# Interaction between continuous variable and categorical variable (2+ categories)

I'm about to do my analysis of my Master's thesis, but I have a question. I want to check whether media effects on political trust are different between natives and immigrants. These are my variables:

• Dependent: political trust (a continuous variable, ranging from 0 to 70 (I summed up seven items on an 11-point scale, after doing factor analysis)).
• Independent variables:
• TV news: the amount of news people watch on television (11-point scale ranging from 0 (never) to 10 (more than 3,5 hours)).
• TV entertainment: the same for entertainment content.
• Newspaper news
• Newspaper entertainment
• Radio news
• Radio entertainment

I created five dummy variables for migrant status: a respondent can either belong to the native group, be a first generation Western immigrant, second generation western immigrant, first generation non-Western immigrant and a second generation non-Western immigrant. This means I have to include four dummies in the analysis.

Now I want to check whether the effect of, for example, television news on political trust is different between natives or immigrants. How do I have to make interactions between this continuous variable (TV news consumption) and the categorical variable (migrant status, the five dummies). How many interactions do I have to make?
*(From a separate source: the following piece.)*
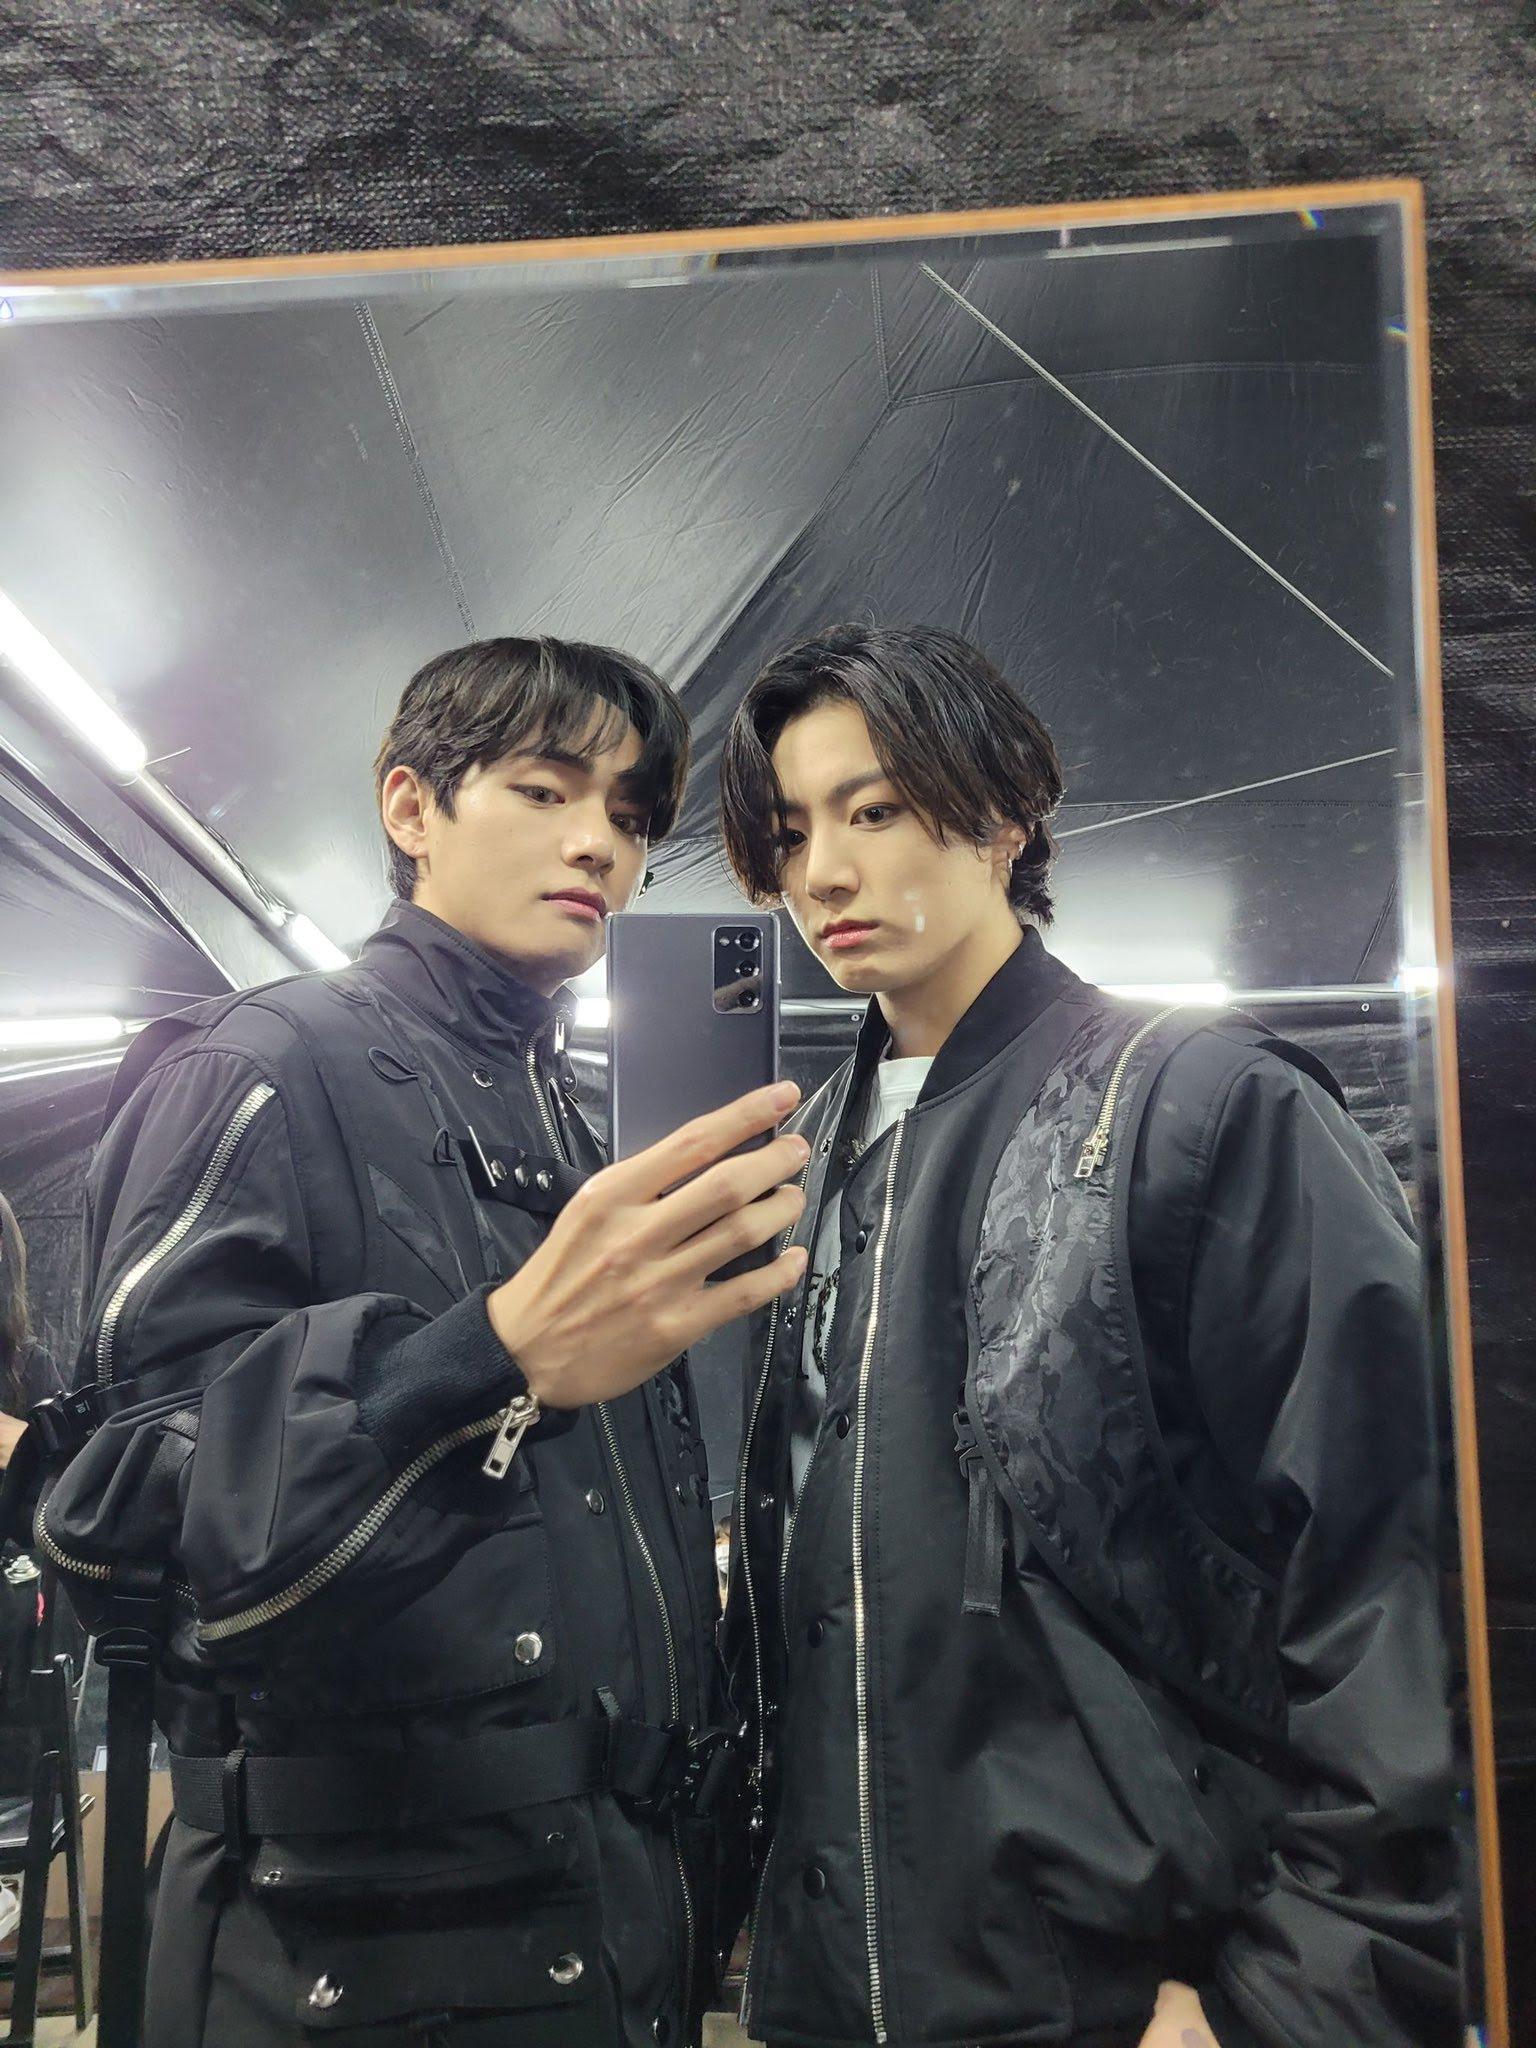 BTS's V (Left) & Jungkook (Right) | Weverse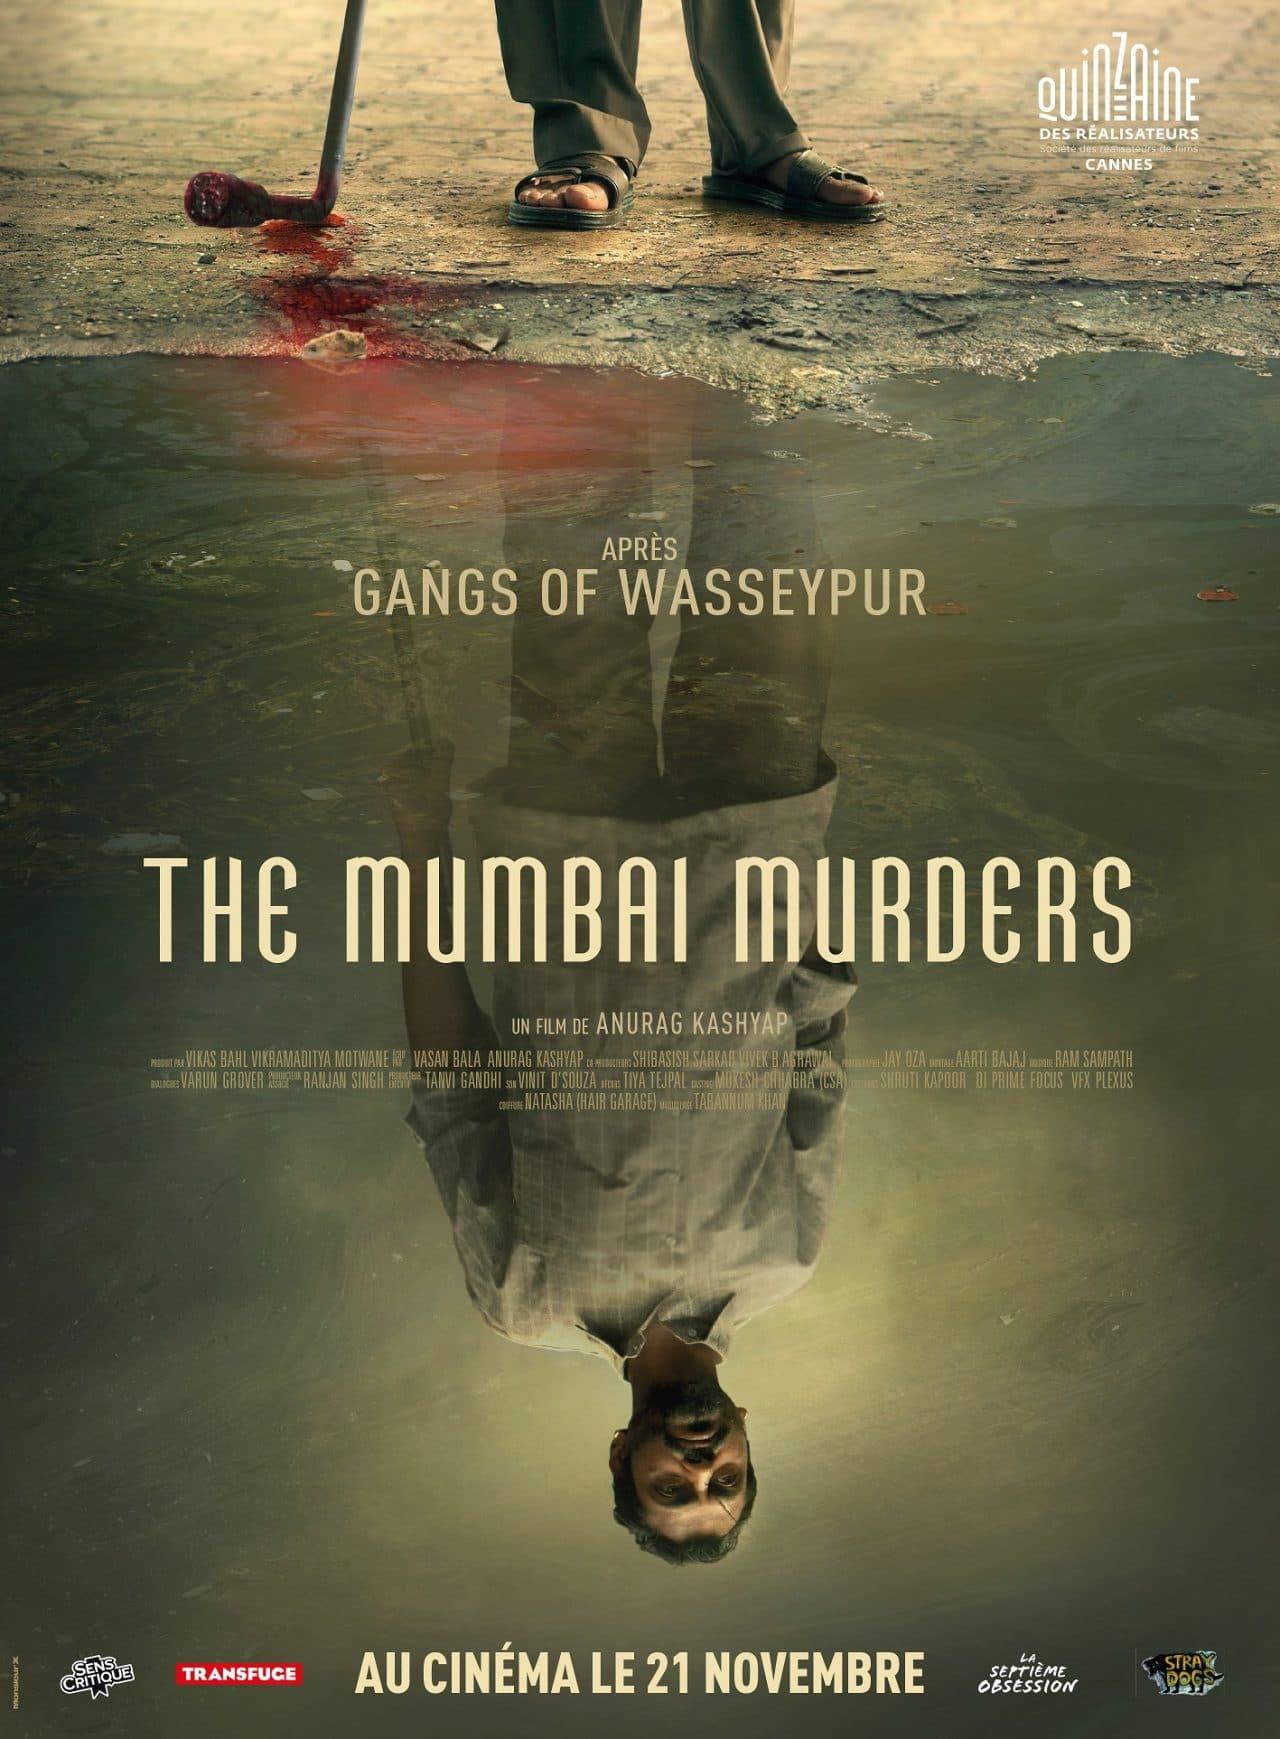 Affiche Mumbai murders

Vnews*the 5 migrant status dummies?

• The basic question is: how do I construct interaction effects between a continuous variable and a categorical variable with 5 categories? Commented Aug 4, 2014 at 13:16

## 1 Answer

In short, if you have translated the categorical variables to binary dummy variables, you can simply multiply your continuous variable by the dummy variable and treat this product (which is the interaction of the two variables, the continuous and the dummy) as a new predictor.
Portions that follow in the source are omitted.